* [TASK REQUIREMENTS]
Starting at the line with "Речной берег расположенный", return every line through the final one of the data, word for word. Pictures stay out.

====== DATA SECTION

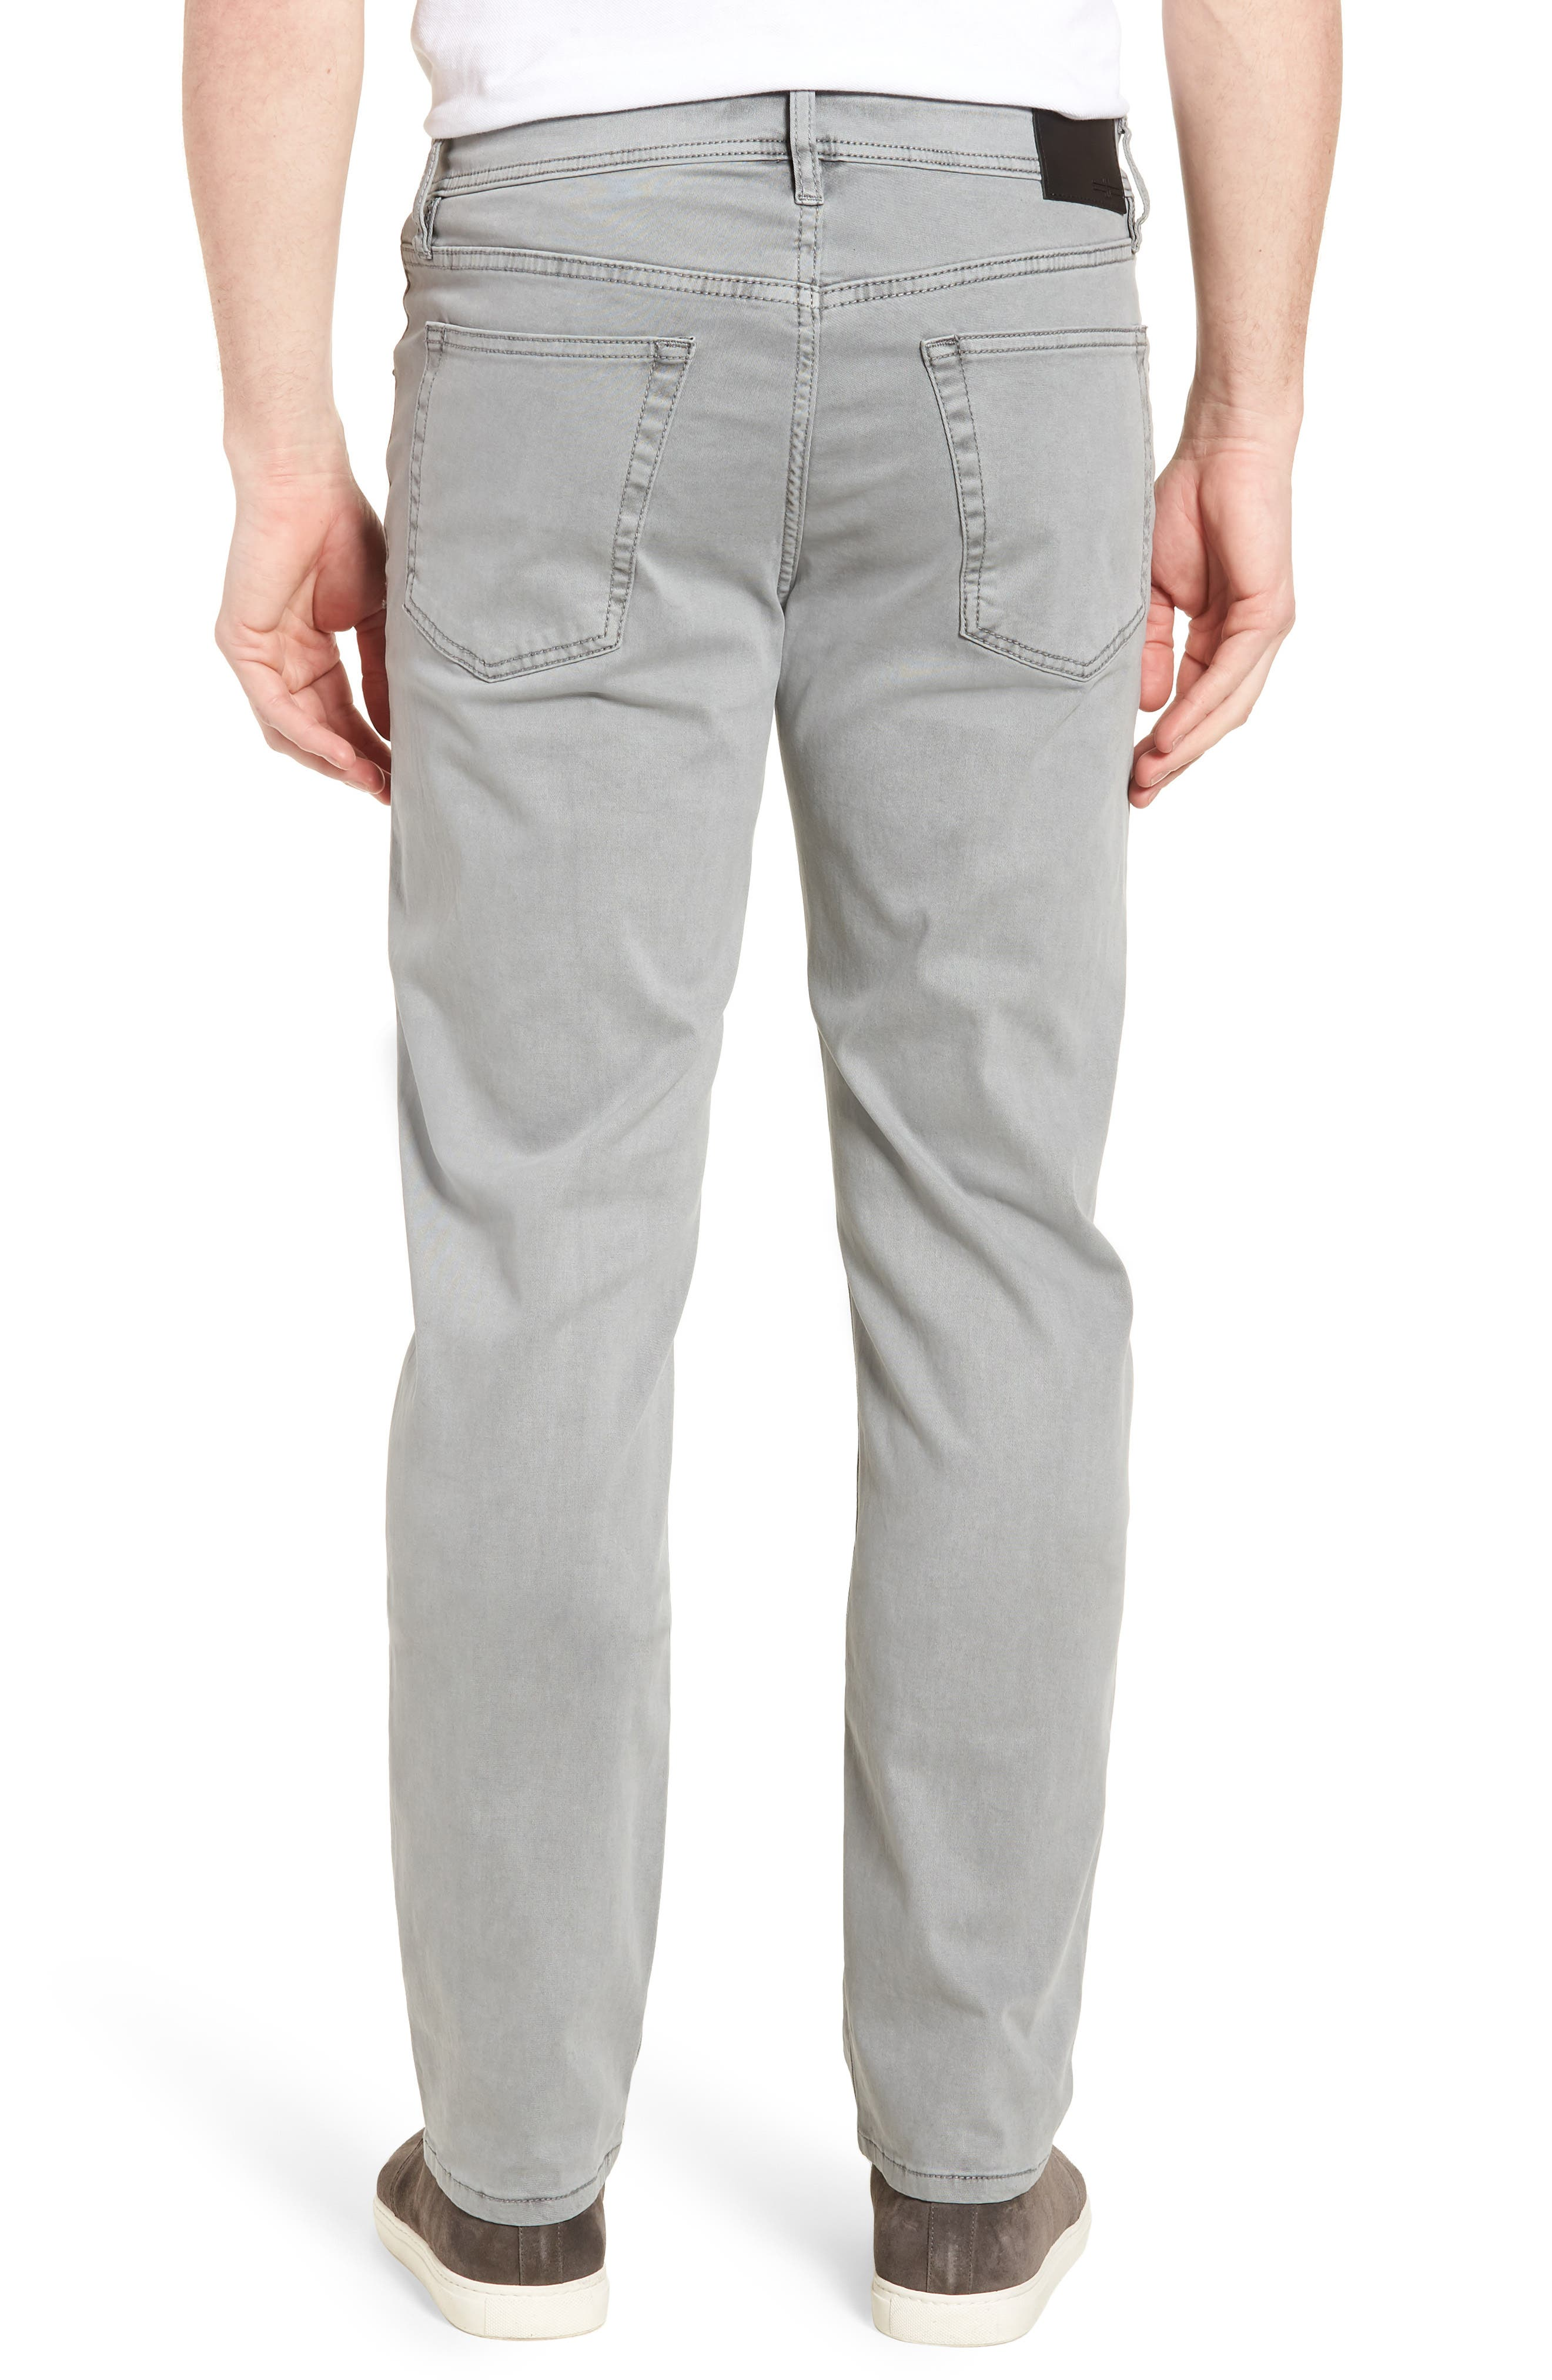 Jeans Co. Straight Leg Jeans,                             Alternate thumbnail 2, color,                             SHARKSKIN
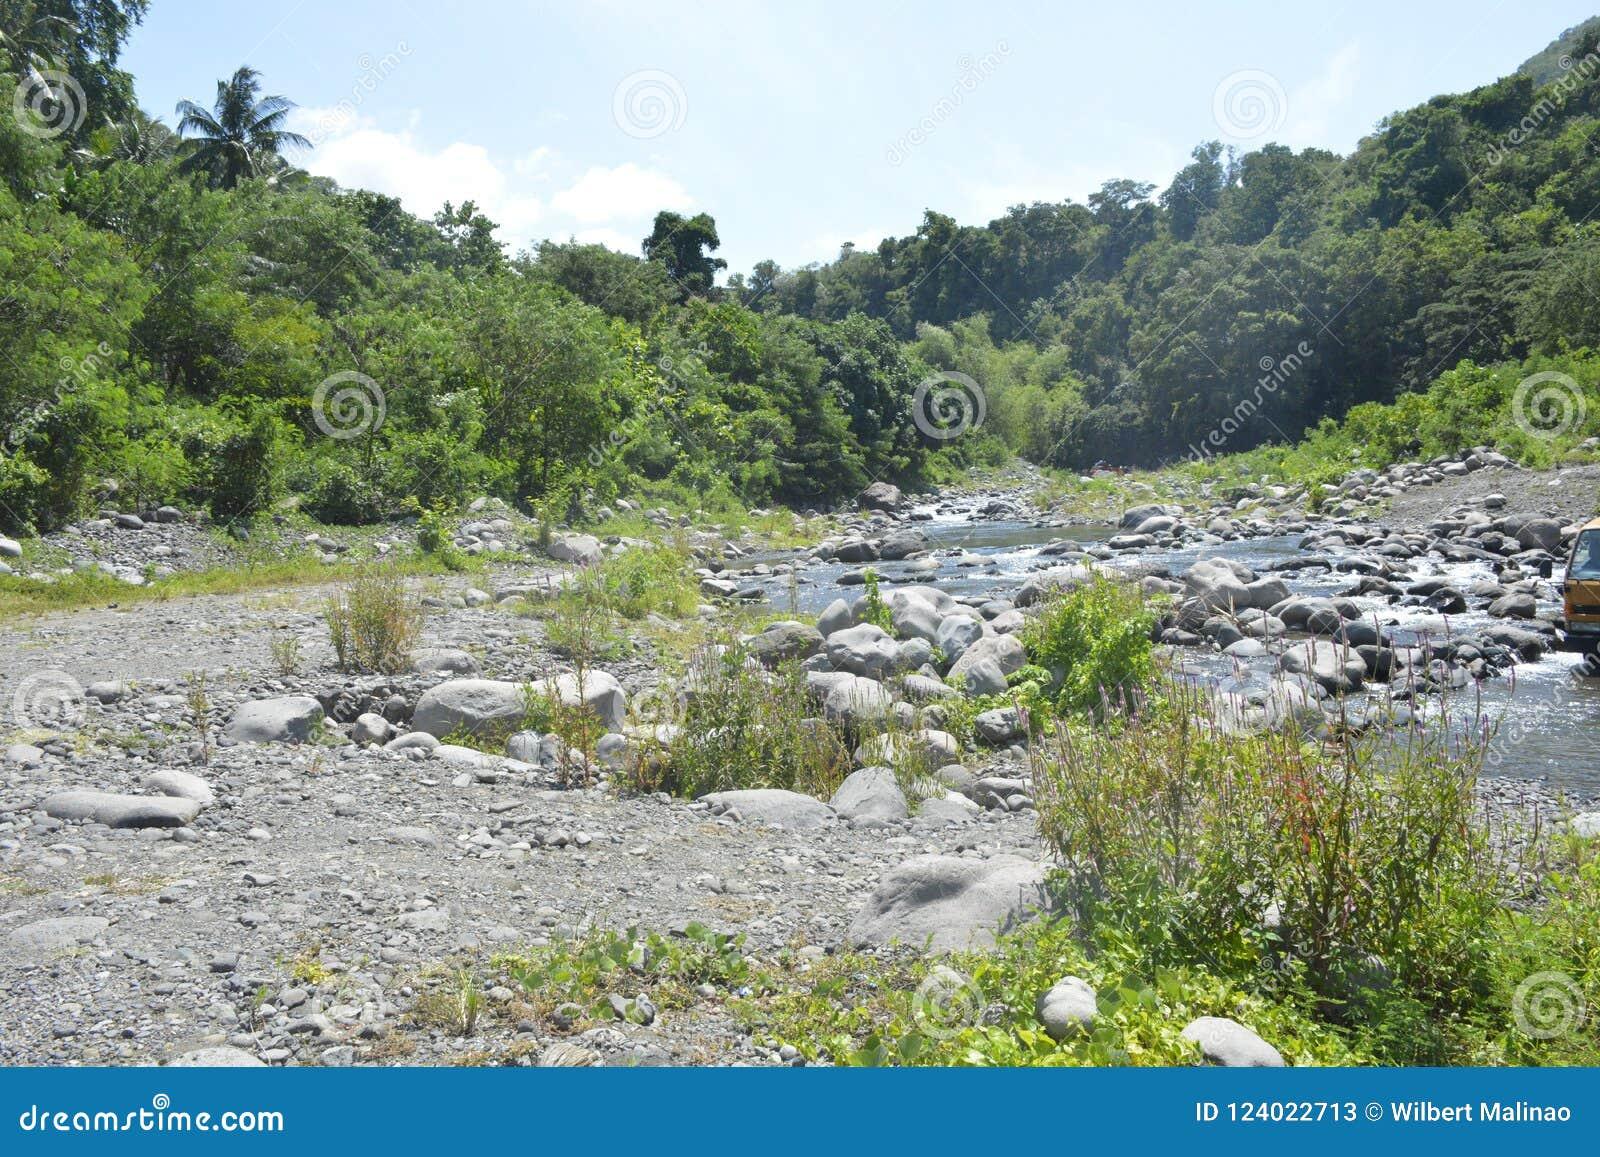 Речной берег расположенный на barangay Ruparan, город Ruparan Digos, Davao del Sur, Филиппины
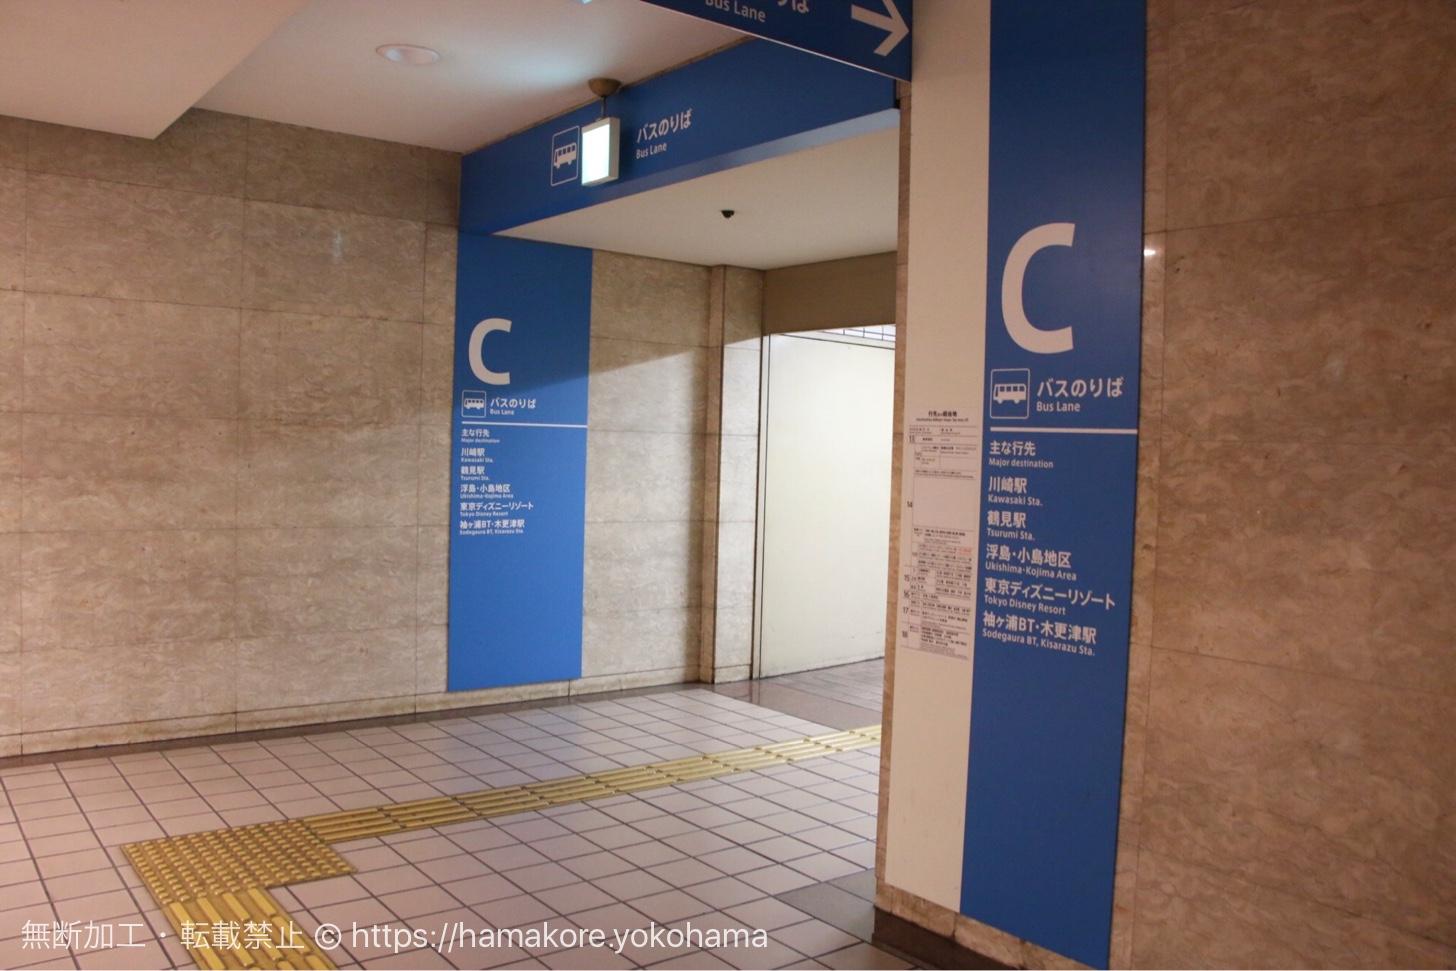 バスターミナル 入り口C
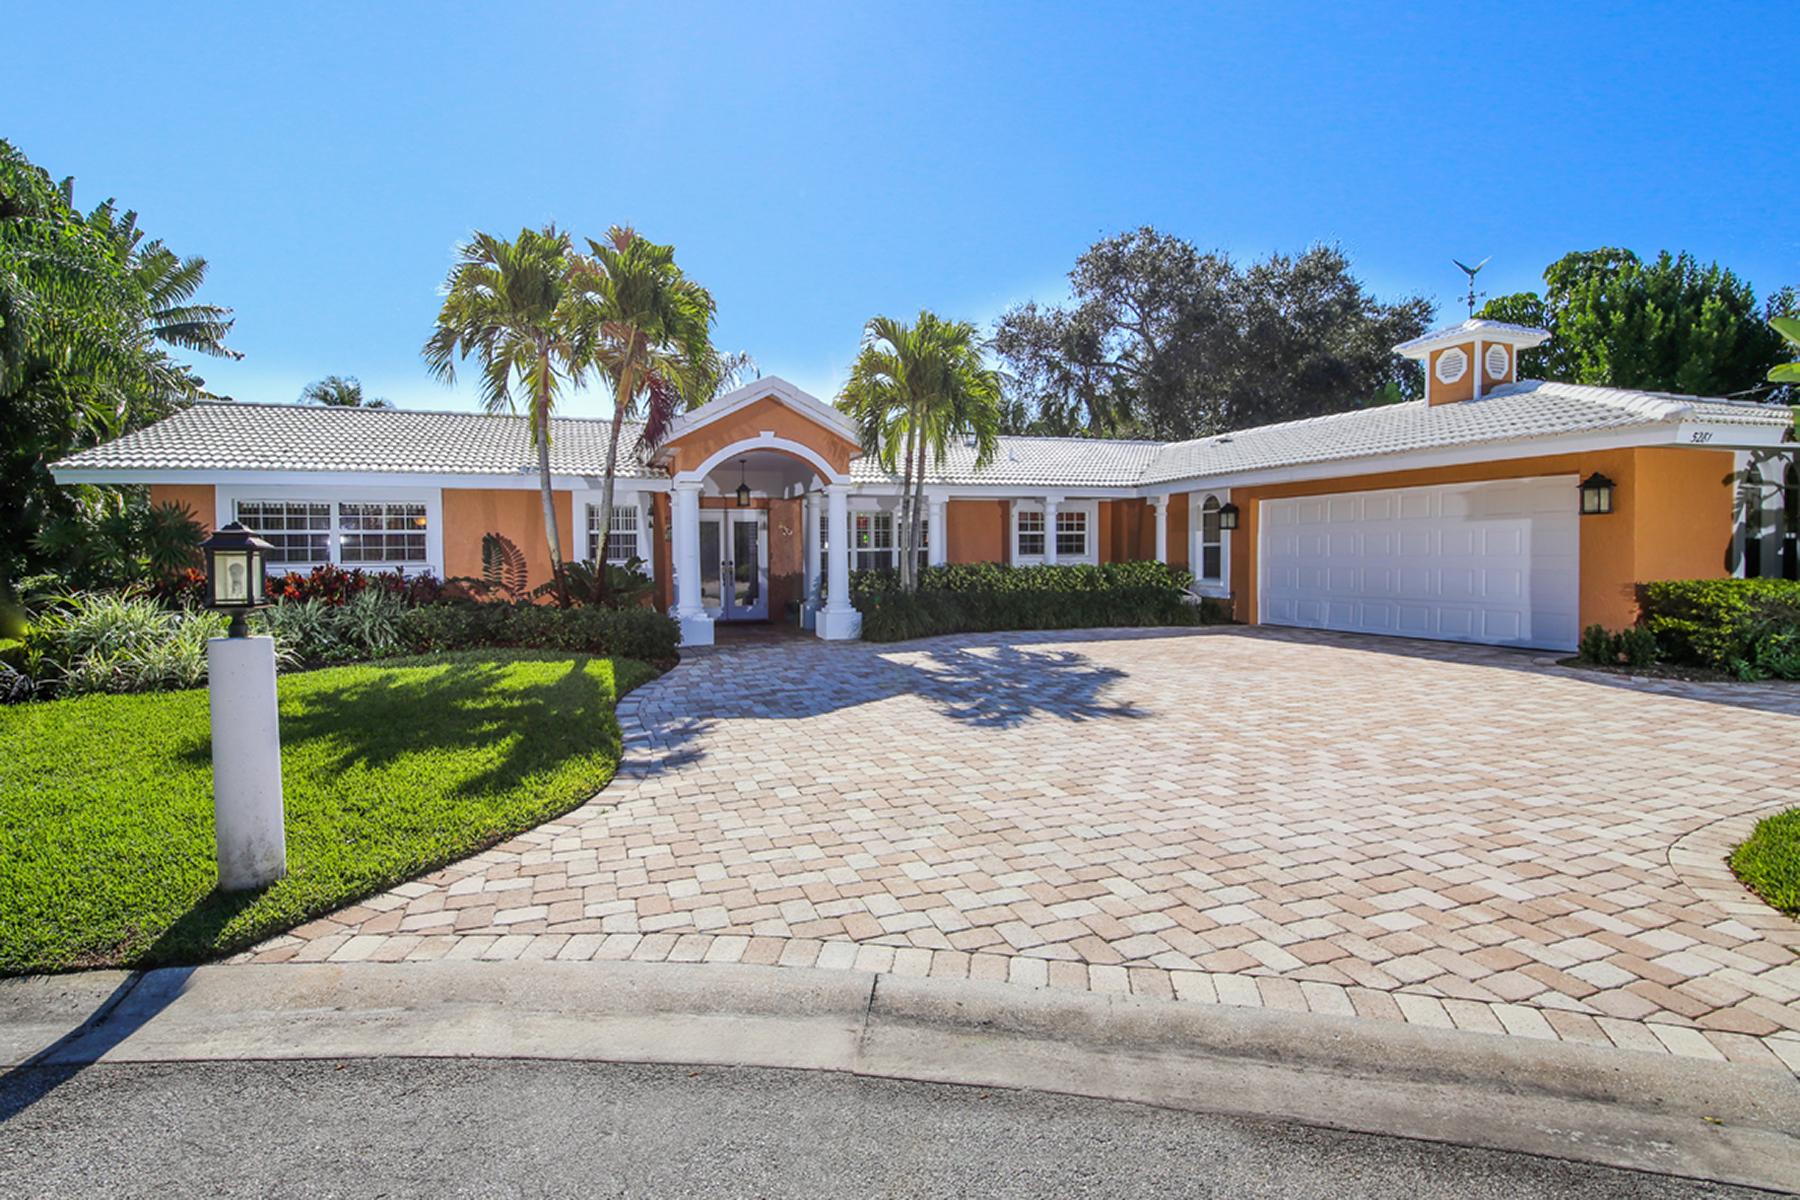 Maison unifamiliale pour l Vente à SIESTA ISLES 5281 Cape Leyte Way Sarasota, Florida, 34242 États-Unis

============

* [REPLY TO THE EXERCISE]
 Речной берег расположенный на barangay Ruparan, город Ruparan Digos, Davao del Sur, Филиппины
 バスターミナル 入り口C
 Maison unifamiliale pour l Vente à SIESTA ISLES 5281 Cape Leyte Way Sarasota, Florida, 34242 États-Unis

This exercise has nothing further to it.